What you want here instead is some of that wacky multifruit-flavored Trident Layers gum that all the ad agencies are cranking out quirky commercials about (probably because they're all drunk).

YouTube
This man has already been typecast as the "Nobody pays me in gum" guy.

Look for anything with the word "tropical" in it, or, even better, something with fruit that most people don't eat regularly, like guava or pomegranate. Everybody knows that Doublemint doesn't also faintly smell of alcohol. But how can a person be so sure that the same is true of dragon fruit if they've never known of it anywhere other than in the piece of gum you're chewing?

That's right, they can't.

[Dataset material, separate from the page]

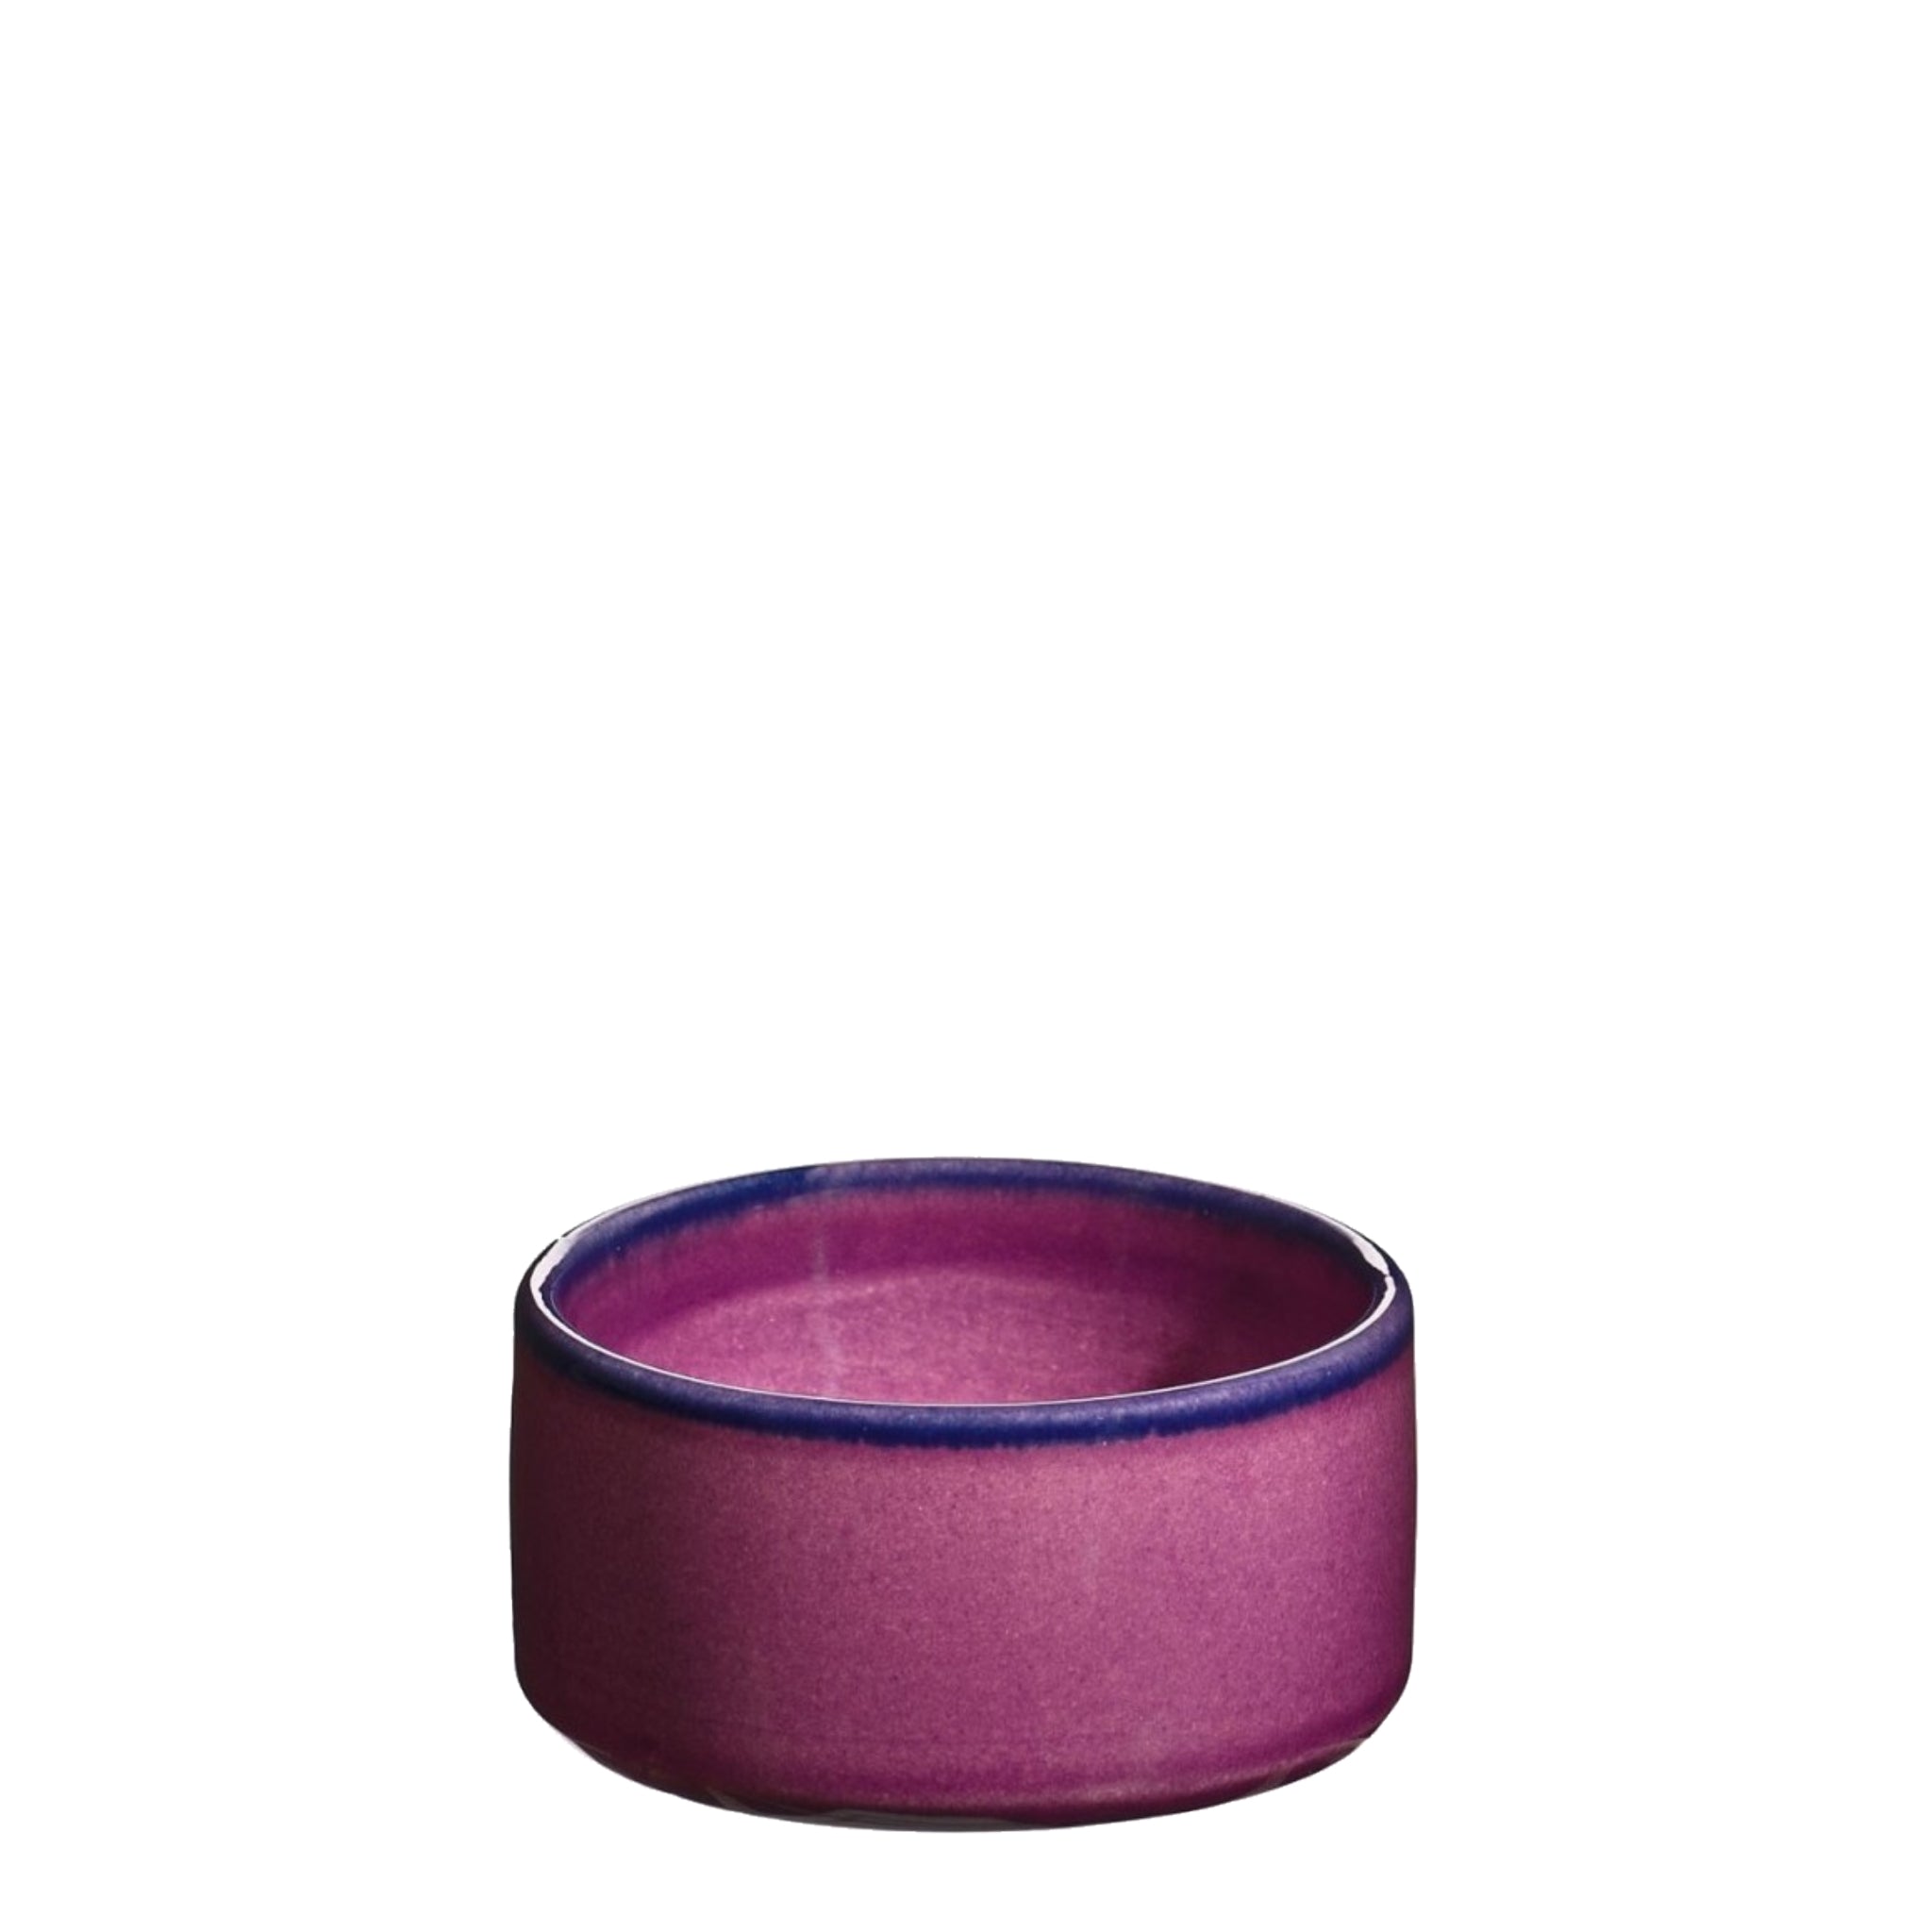 Ramekin, lille håndlavet keramik skål i farven hindbær fra Atelier Bernex, Oliviers & Co

And that's why gum that includes a bunch of exotic fruit flavors is your best bet. Put a few sticks into your mouth, and if someone in your vicinity comments on the fact that the air smells faintly of booze, know that you have nothing to fear. Just say, "Oh, it's this gum I'm chewing. Tropical Mango Acai Berry Blast, they call it. Smells like alcohol, kind of. I wish it got me drunk like alcohol, though!" And then walk away, because that was a really dumb thing to say in light of all the drinking at your desk you've been doing in the made-up premise of this article.

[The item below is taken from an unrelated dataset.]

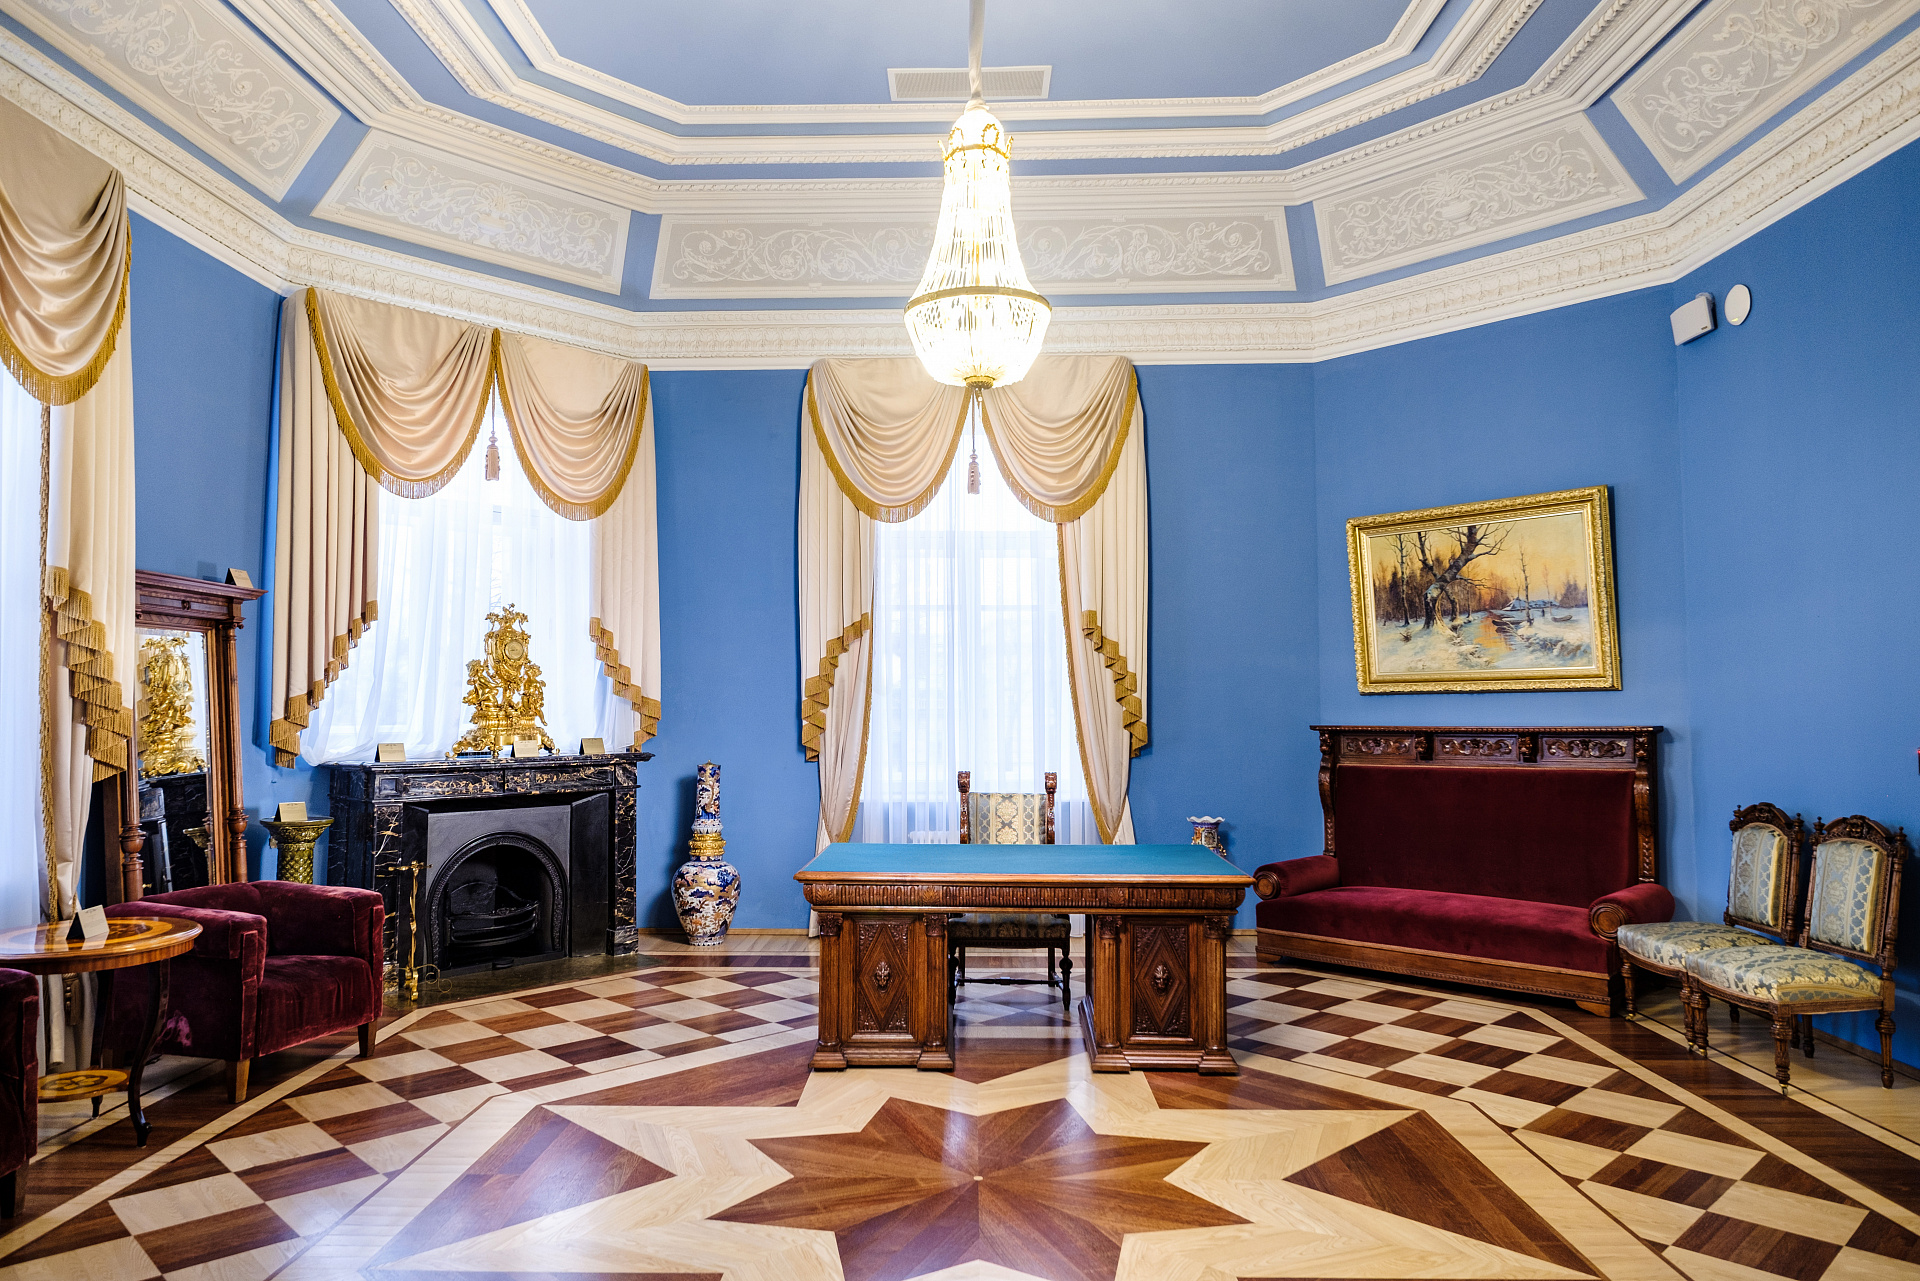 Гостиница «Особняк Военного Министра» (Milutin Palace)

Supplement your gum with a steady diet of Fritos or whatever other snack you know is going to give you dragon breath. Basically, you want to have so many scents coming out of your mouth at the same time that nobody will be able to accurately place each and every fragrance.

A lesser person would make a joke here about your mom having a similar problem identifying all of the cocks coming into her mouth, and I just did.